Endogenous enzyme activity (nmole/min/mg protein) was determined by calculating the dicumarol-sensitive fraction of 2, 6-dichlorophenol-indo-phenol reduction as previously described (Benson et al., 1980). A 1 ml volume of reaction mixture containing 25 mM Tris-HCl buffer (pH 7.4), 0.7 mg/mL bovine serum albumin (BSA), 5 μM FAD, 300 μM NADH, 25 μg protein/mL, with and without 20 μM dicumarol was incubated for 10 min at RT. 2, 6-dichlorophenol-indo-phenol was added to a final concentration of 75 μM and its reduction was measured spectrophotometrically at a wavelength of 560 nm. The NQO1 activity (nmole/min/mg protein) was calculated based on the reduction of dicumarol-sensitive fraction: the slope and intercept were calculated for each measurement and multiplied with the specific protein concentration of each sample and the value obtained was divided by the extinction coefficient of 2, 6-dichlorophenol-indo-phenol (Benson, Hunkeler, and Talalay, 1980). The extinction coefficient for 2, 6-dichlorophenol-indo-phenol was 2.1 × 104 M−1cm−1.

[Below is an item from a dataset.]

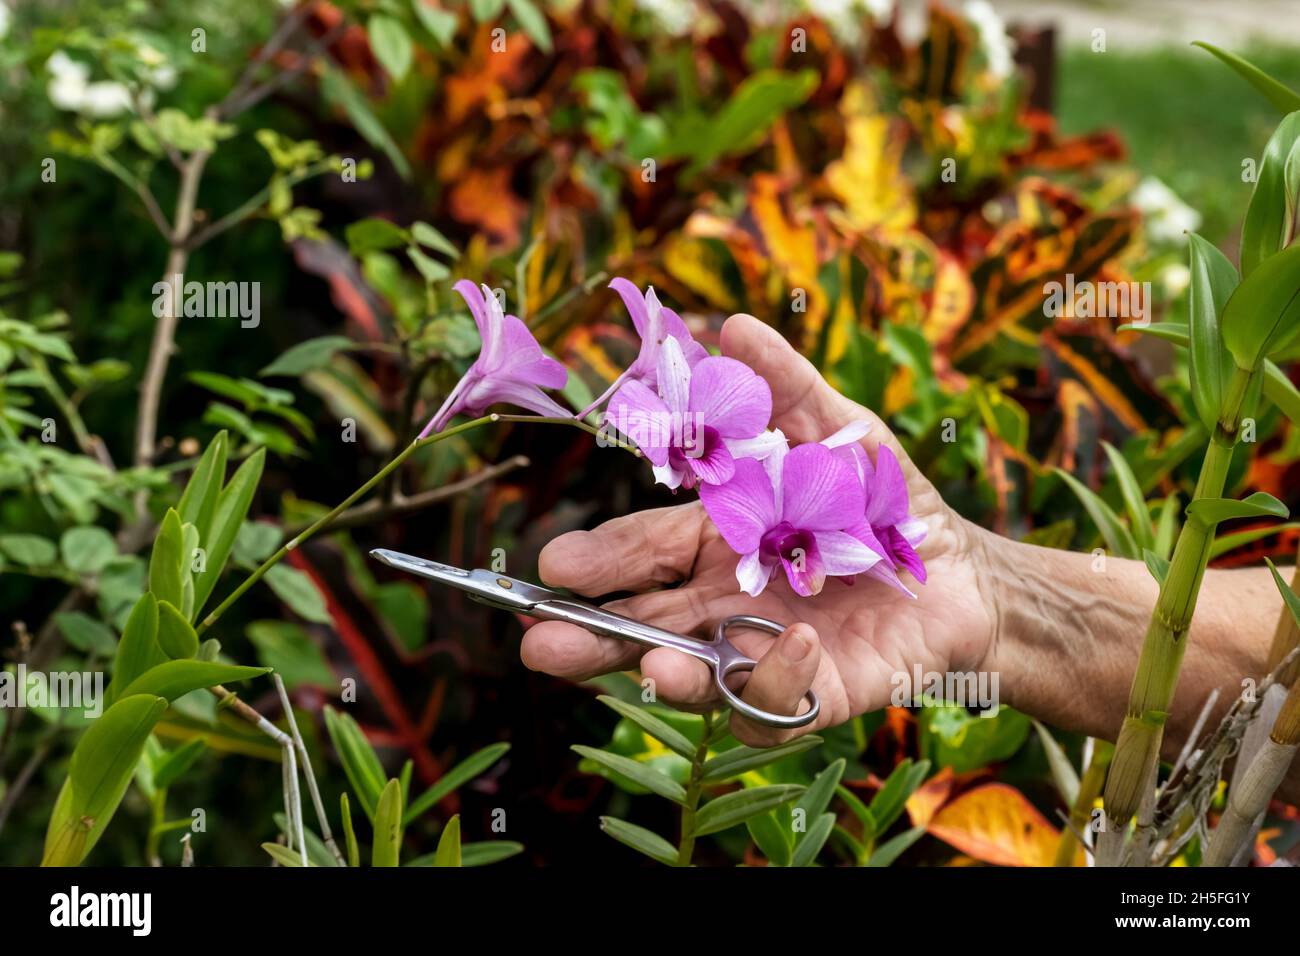 The hand of a senior Latin woman about to grab the purple flowers of an orchid plant, she has scissors in her hand, she is securing them with her litt Stock Photo

Results are expressed as means ± SEM for three to nine independent experiments. Where indicated, statistical analyses used analysis of variance (ANOVA) followed by Student-Newman-Keuls or Holm-Sidak tests for multiple comparisons and Student’s t-test for two groups’ comparison. A probability of p<0.05 was considered statistically significant.
To evaluate whether sulforaphane (SFP) protects against oxidative stress and death of astrocytes induced by transient O2 and glucose deprivation (OGD), we exposed primary cultures of rat cortical astrocytes to 5 μM SFP for 48 h prior to the OGD insult, as described in Methods. Pilot experiments that compared results obtained with 0.1, 0.5, 1.0, 5.0, and 10 μM SFP concentrations indicated that maximal cytoprotection is obtained at 5 μM SFP (Fig. 1). As shown in Fig. 2, the number of dead cells observed after exposure to 5 μM SFP was not different than that observed after exposure to the DMSO vehicle (7.6 ± 1.1% compared to 6.0 ± 1.1%) and neither were different from background cell death in cells that underwent time-controlled changes of normal medium but no OGD (6.2 ± 0.8%; not shown). At 48 h reoxygenation (REOX), pretreatment of cells with SFP conferred significant protection against delayed cell death (16.4 ± 2% compared to vehicle 31.4 ± 2.8%; p≤0.01).
Previous experiments using this OGD model demonstrated that astrocytes undergo protein and DNA/RNA oxidation within 4 h REOX after OGD, which precedes delayed cell death (Danilov and Fiskum, 2008). We therefore tested for the ability of SFP-pretreatment to inhibit DNA/RNA oxidation at this early period of REOX, which precedes delayed cell death. Fig. 3 provides representative fluorescent images (A) and quantification (B) of 8-hydroxy 2-deoxyguanosine (8-OHdG) immunostaining of astrocytes after 4 h REOX. Relative fluorescence for SFP-treated cells at 4 h REOX was significantly lower than that observed with vehicle-treated cells (1185 ± 92 U compared to 1702 ± 176 U; p<0.05) but not significantly greater than cells not exposed to OGD. Oxidative modifications to DNA/RNA therefore occur early during REOX in this model and are inhibited by pretreatment of astrocytes with SFP.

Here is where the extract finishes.